The effect of temperature on the release of drug (5-ASA)
The influence of temperature on the release of 5-Amino salicylic acid (5-ASA) has also been investigated in this study. According to Figure 7, it has been observed that the release rate is higher at 39 °C compared to 37 °C. This temperature-dependent variation can be attributed to the hydrogen bonding interactions among the amino groups present in the Chitosan chains. As the temperature increases, the polymer chains tend to unwind, leading to the disruption of secondary interactions such as intramolecular hydrogen bonding. This allows for a greater penetration of water into the gel network. Consequently, the swelling ratio of all hydrogels increases with the rise in temperature. This increase in the swelling ratio can have a significant impact on the release rate of 5-ASA by expanding the diffusion pathways within the superabsorbent material. The combined effect of increased water penetration and expanded diffusion pathways is believed to enhance the release rate of 5-ASA as the temperature rises [39].
The effect of amount of loading on release of drug (5-ASA)

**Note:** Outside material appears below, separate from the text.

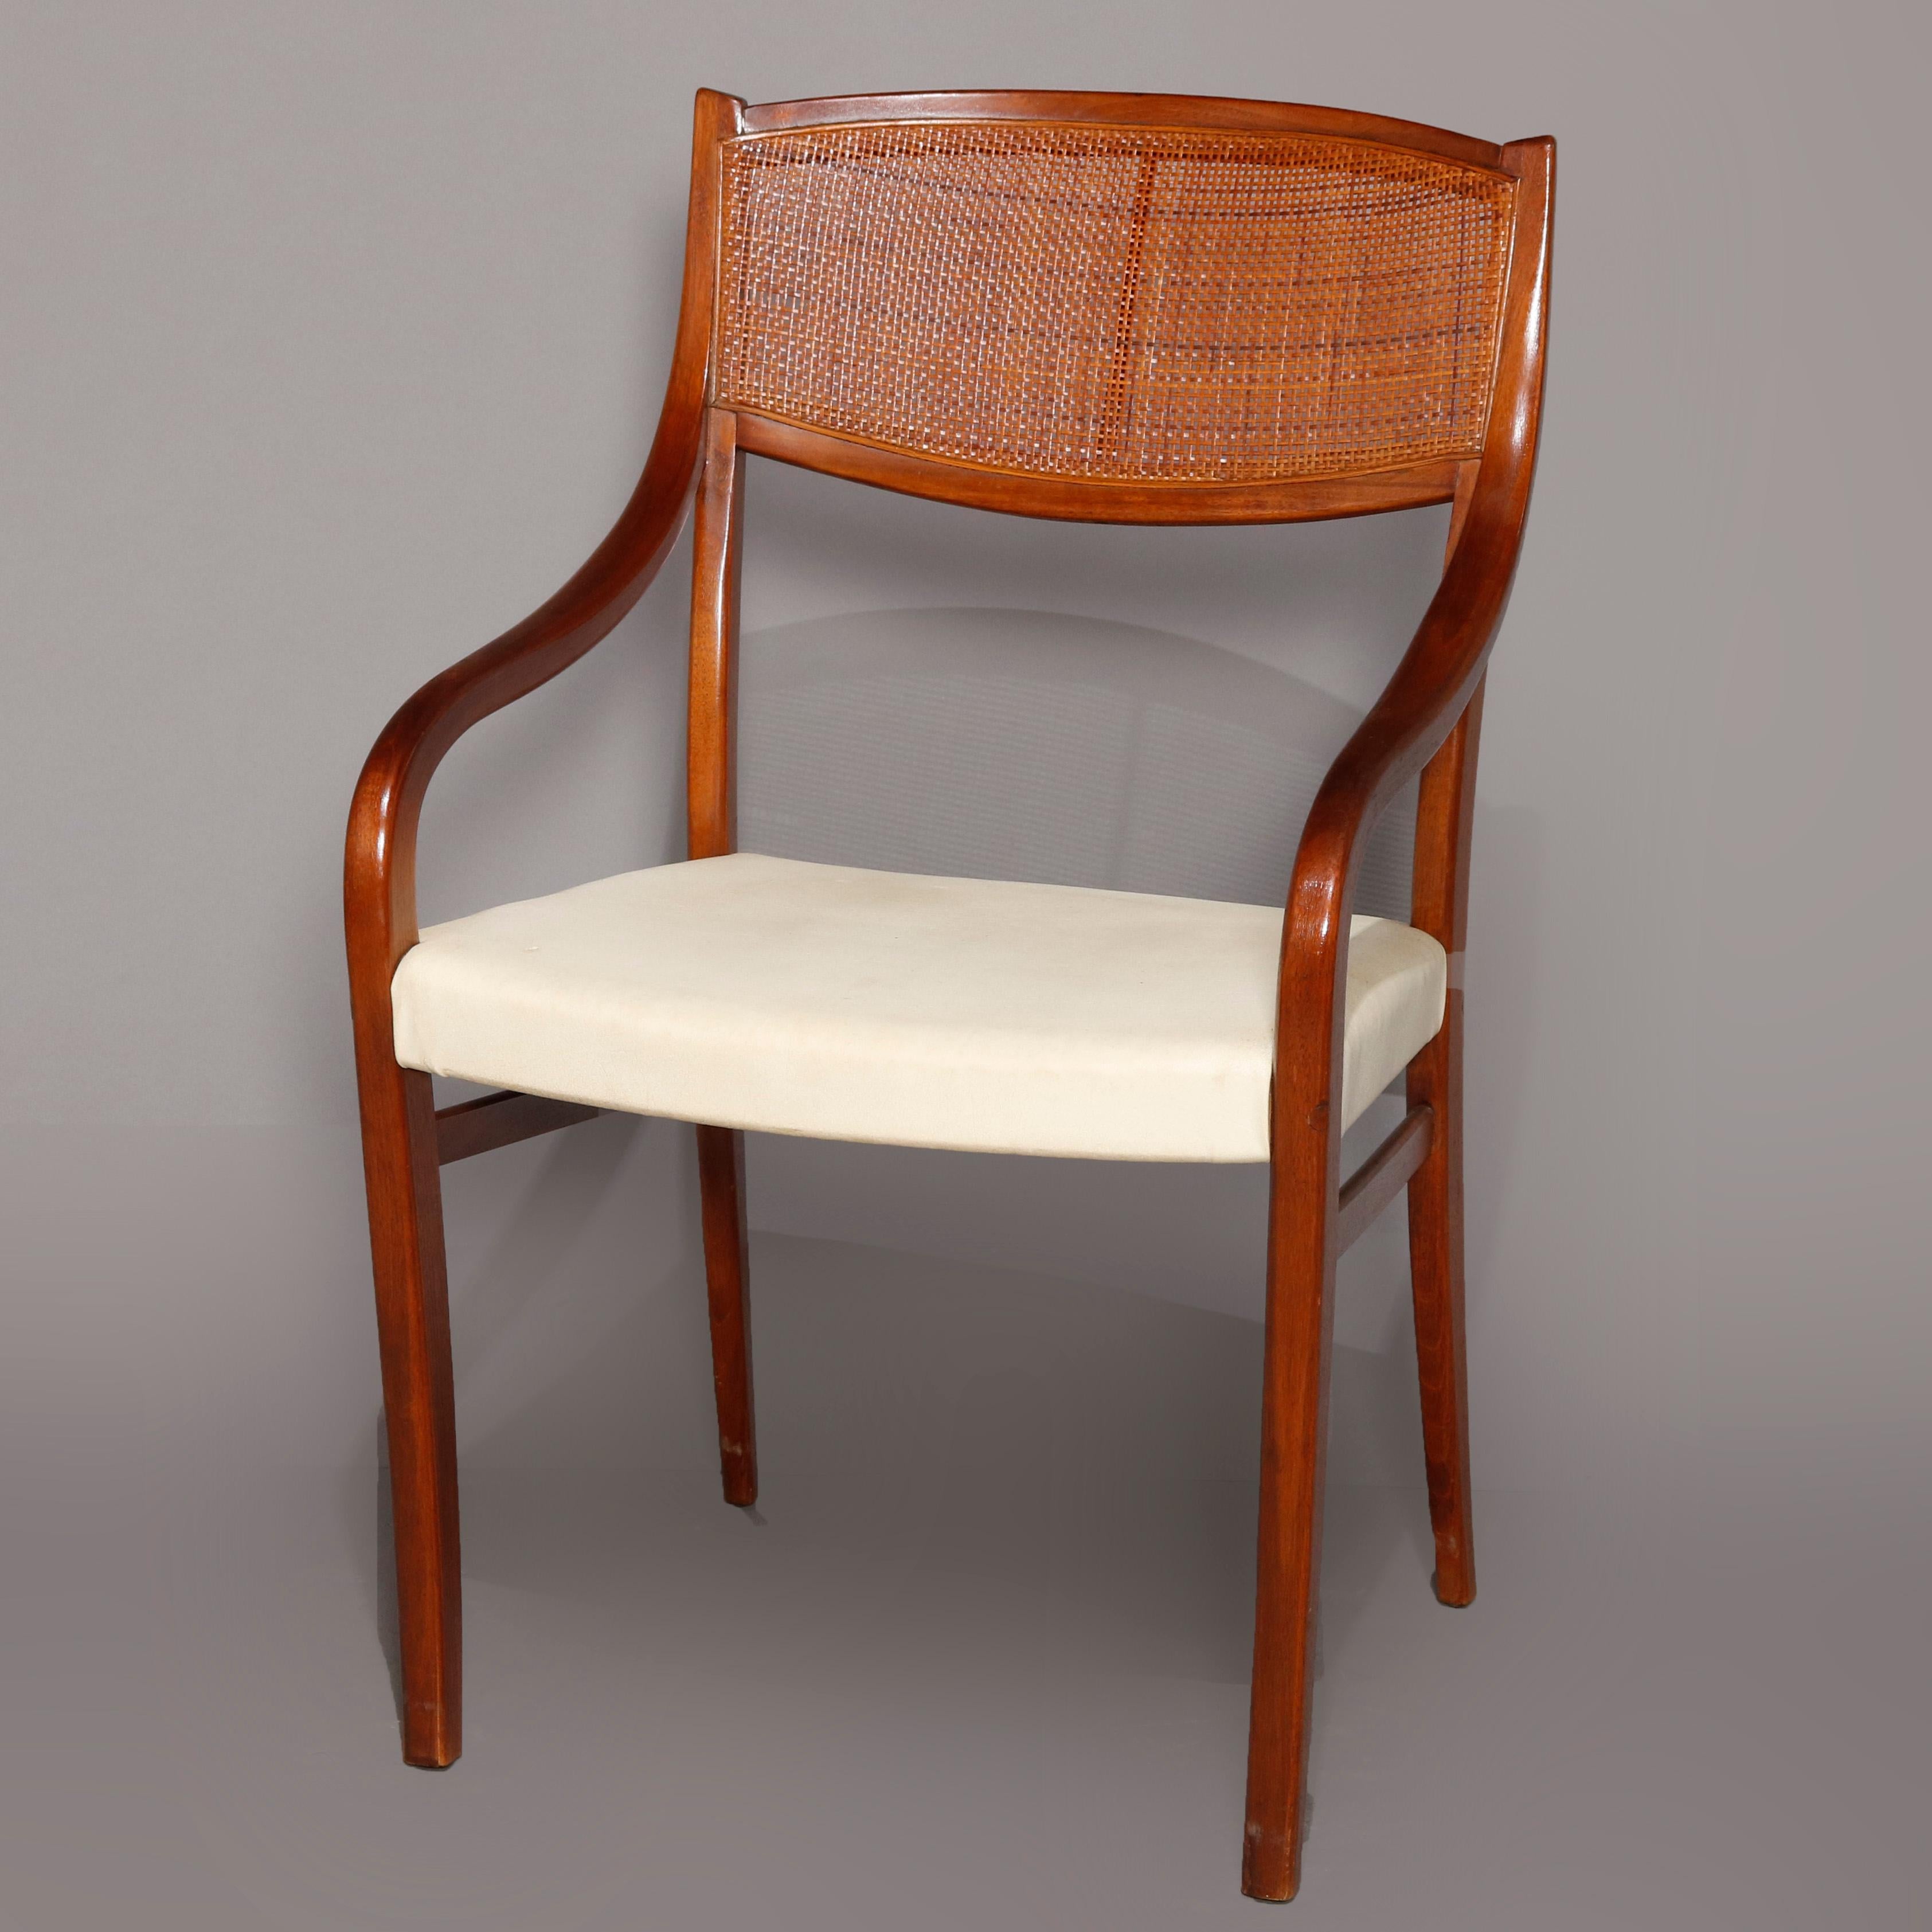 A midcentury Danish modern dining set offers walnut extension dining table & six cane-back and upholstered chairs by Drexel, 20th century

***DELIVERY NOTICE – Due to COVID-19 we are employing NO-CONTACT PRACTICES in the transfer of purchased items.

In this study, a porous Cs/HEMA hydrogel was loaded with varying amounts of 5-Amino salicylic acid (5-ASA), and its release profile was examined at different pH levels (2, 4, 7, and 8). The results, illustrated in Figure 8, indicate that the loading capacity of 5-ASA increases as the concentration of the active agent in the loading medium is increased. Additionally, the release profiles demonstrate that the amount of 5-ASA released also increases with higher loading of the active agent. The speed at which the solvent front enters the hydrogel surface, known as the release rate, increases as the loading of 5-ASA increases. This phenomenon can be attributed to the presence of empty spaces or voids within the hydrogel matrix, which act as diffusion barriers and restrict the transportation of 5-ASA molecules. As the loading of 5-ASA increases, these empty spaces become more pronounced, hindering the release of the drug. It's important to note that the release of drugs through microspheres, such as the porous Cs/HEMA hydrogel in this study, is influenced by multiple factors. These factors include particle size, polymer crystallinity, surface properties, molecular weight, polymer composition, swelling ratio, degradation rate, drug binding affinity, and hydrogel rate [40].